O mundo do design está enfrentando um acerto de contas. À medida que as alterações climáticas aceleram e os recursos diminuem, alguns materiais estão a desaparecer… e, em alguns casos, isso não é mau. O declínio de certas substâncias sinaliza uma mudança de práticas insustentáveis para alternativas mais responsáveis.
Os Tradicionais Desaparecidos
Alguns materiais que desaparecem representam uma perda de património cultural. Kapa Barkcloth, feito de árvores wauke havaianas, é um exemplo. Tanto as próprias árvores como o conhecimento tradicional que envolve a sua utilização estão a desaparecer. Da mesma forma, o caracol marinho Plicopurpura pansa da costa do Pacífico do México – historicamente usado pelas comunidades indígenas pela sua tintura violeta vibrante – também está em declínio. Estas perdas realçam a forma como as pressões ambientais têm impacto não apenas nos ecossistemas, mas também nas práticas culturais profundamente enraizadas. Isto é importante porque sublinha a interligação entre a saúde ambiental e as tradições humanas.

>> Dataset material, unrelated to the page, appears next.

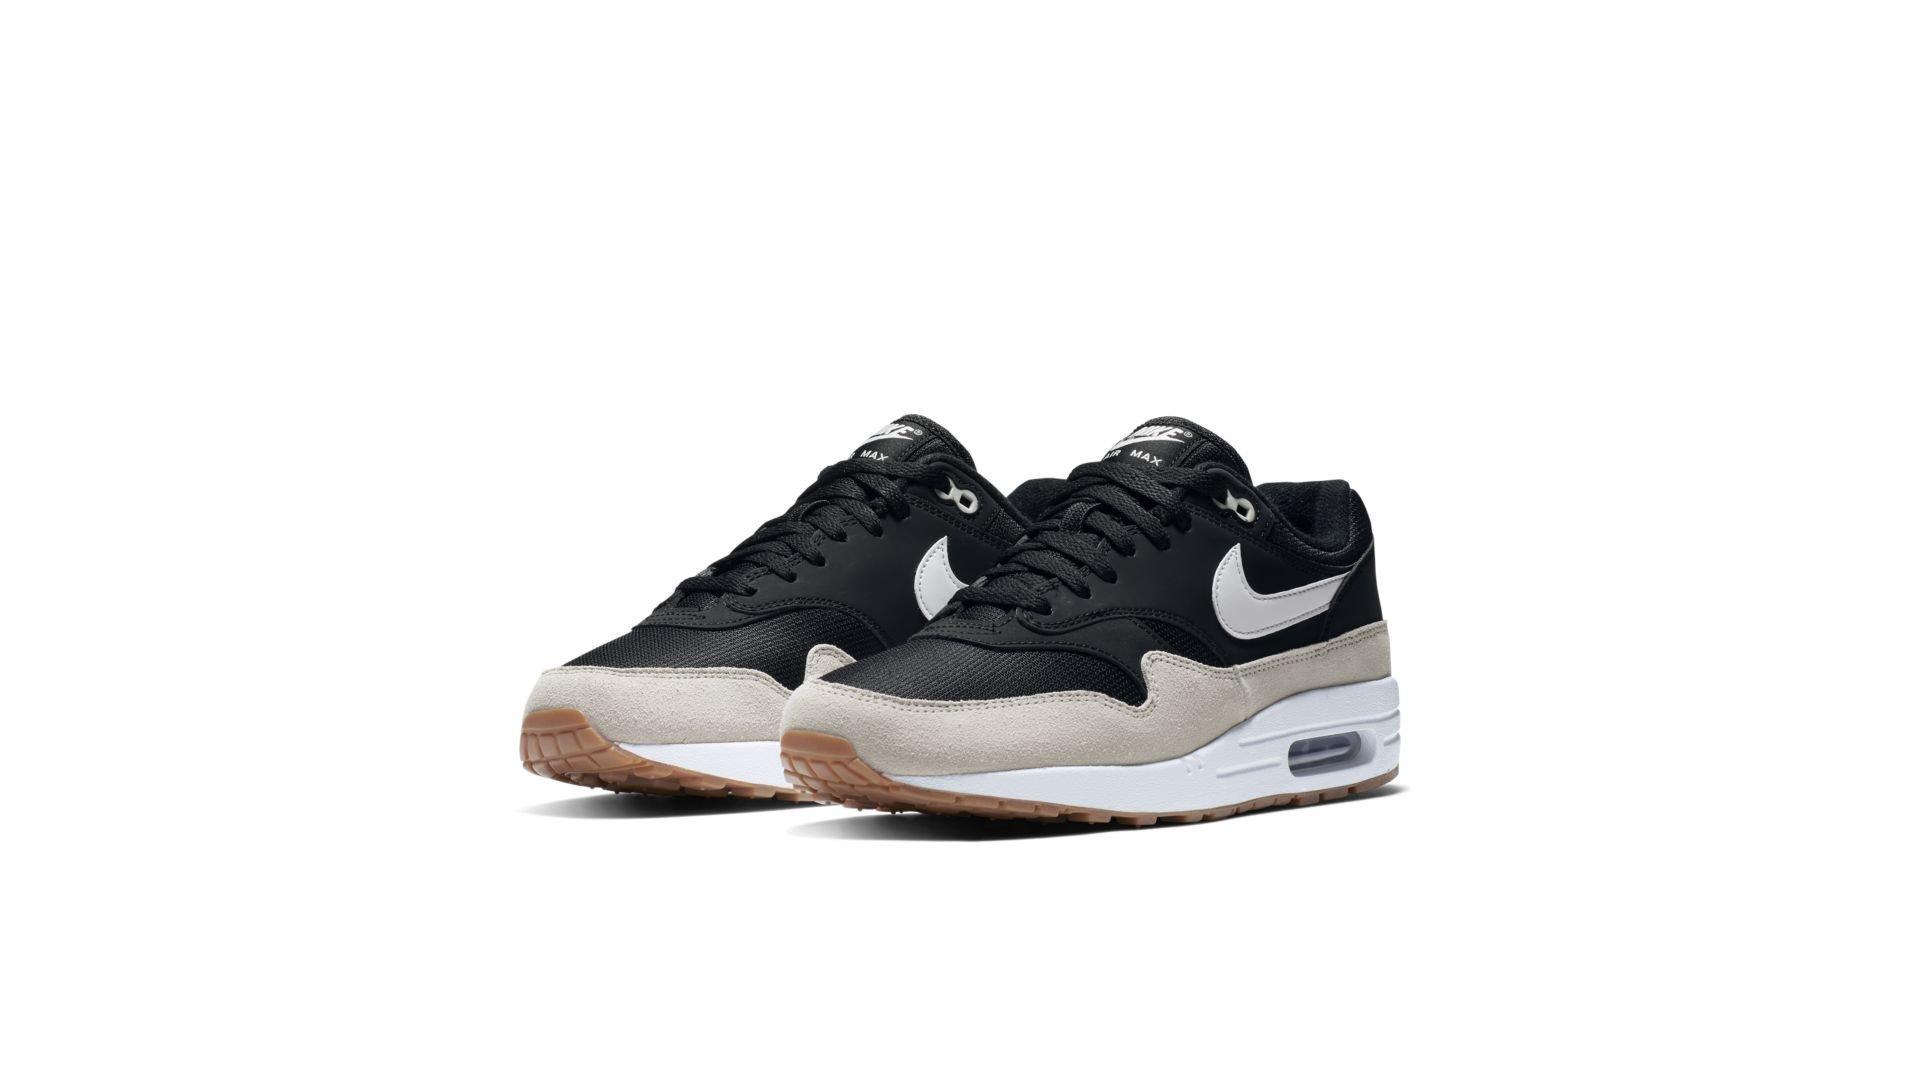 Nike Air Max 1 AH8145-009

A purga dos “produtos químicos para sempre”
Contudo, nem todos os declínios materiais são trágicos. Em agosto, Illinois aprovou uma lei que proíbe PFAS (substâncias per e polifluoroalquílicas) em produtos até 2032, com outros estados seguindo o exemplo. Os PFAS, desenvolvidos no início do século 20, foram inicialmente aclamados como um avanço: tornaram os utensílios de cozinha antiaderentes, as caixas de pizza resistentes à gordura e as roupas impermeáveis.

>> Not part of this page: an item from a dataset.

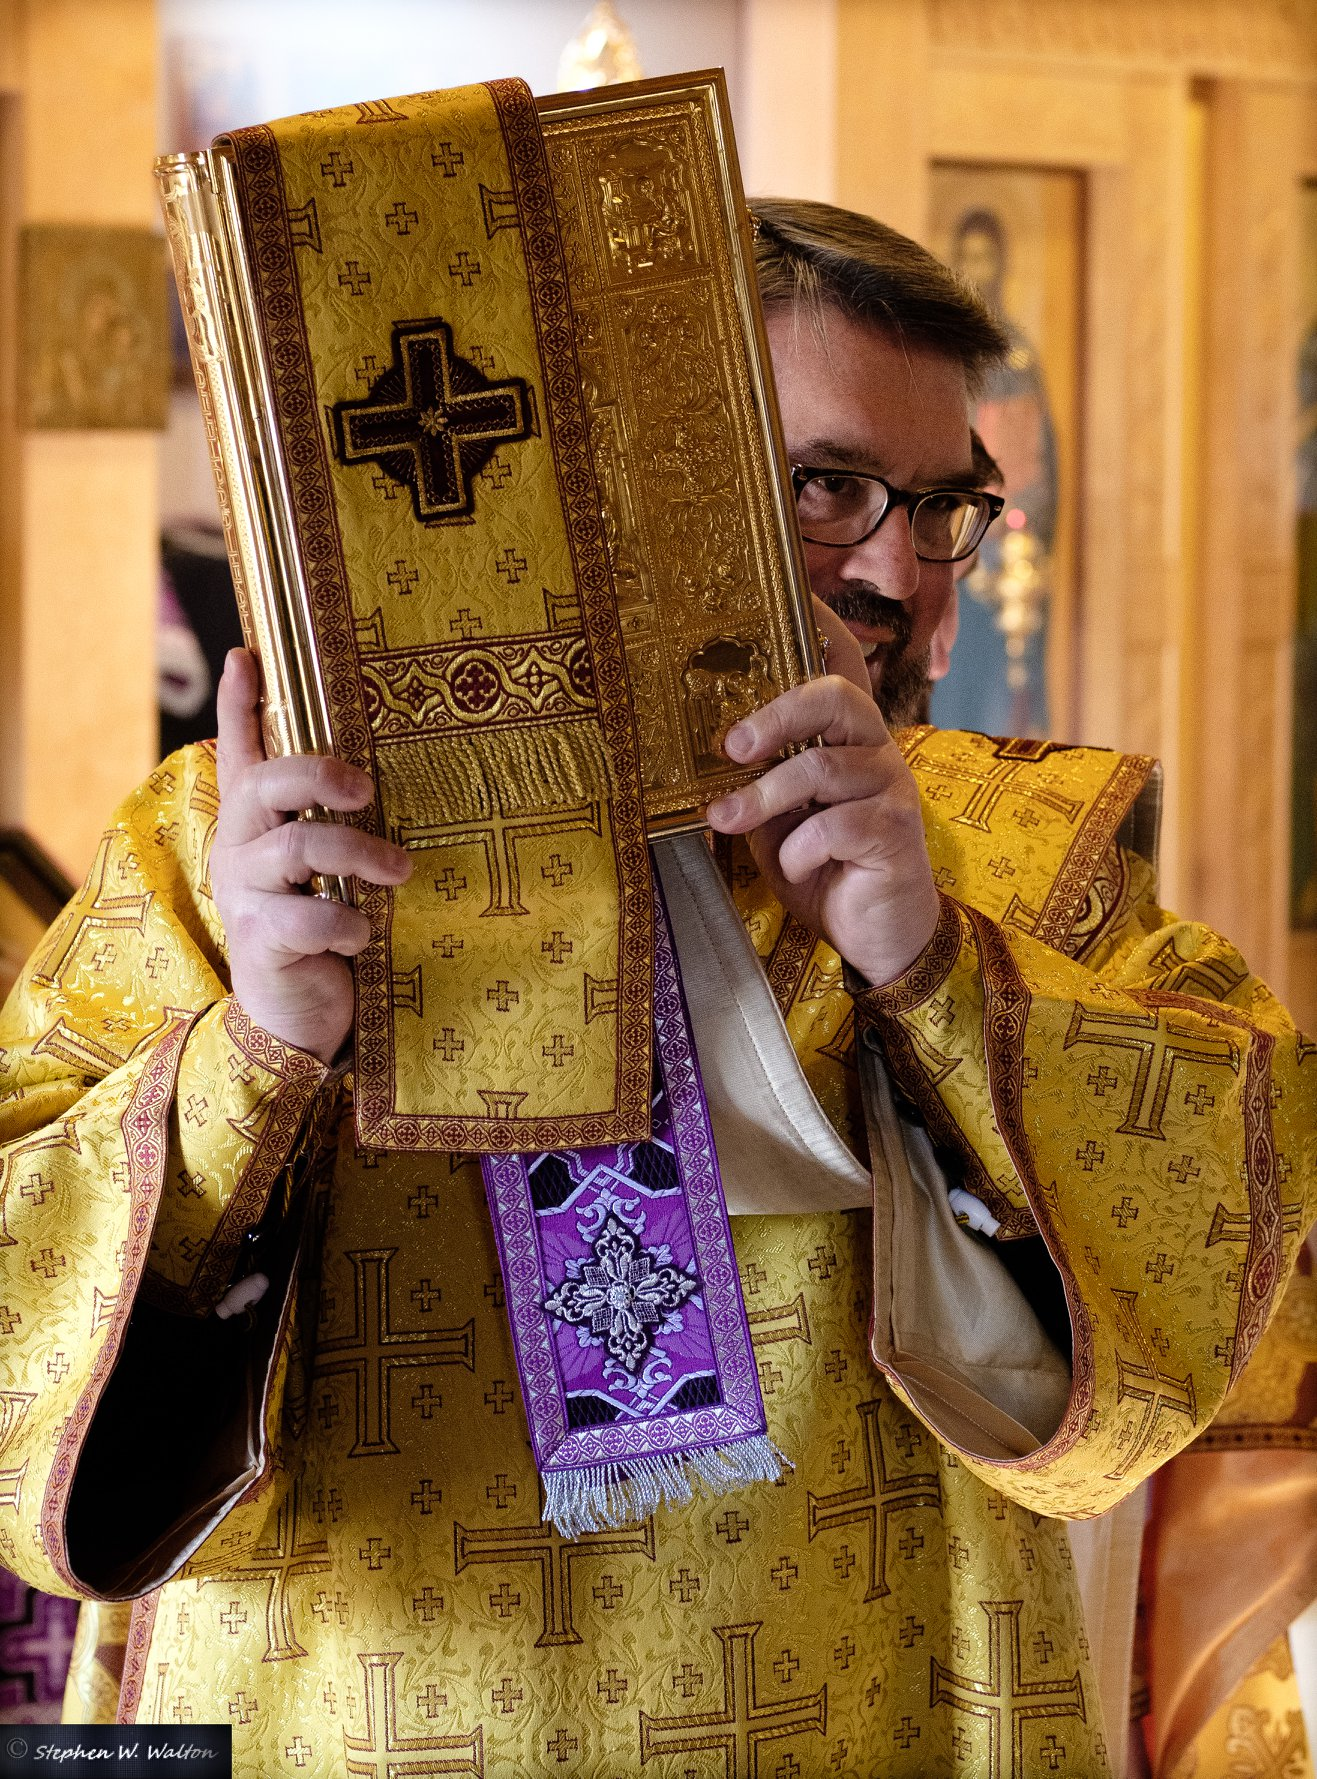 deacon carrying the gospel

O problema? PFAS são “produtos químicos para sempre”. Não se decompõem no ambiente e acumulam-se tanto nos ecossistemas como nos corpos humanos, representando riscos significativos para a saúde. A repressão aos PFAS representa um passo crucial no sentido da eliminação progressiva dos poluentes persistentes – uma vitória para a saúde pública e a protecção ambiental.
O desaparecimento do PFAS é uma escolha deliberada, não uma perda inevitável. É um sinal de que estamos finalmente a reconhecer o verdadeiro custo de determinados materiais e a dar prioridade à sustentabilidade a longo prazo em detrimento da conveniência a curto prazo.
A mudança no cenário dos materiais de design está forçando um acerto de contas com o que escolhemos manter e o que deixamos ir. Algumas perdas são lembranças tristes da erosão cultural, enquanto outras são passos necessários para um futuro mais saudável e sustentável.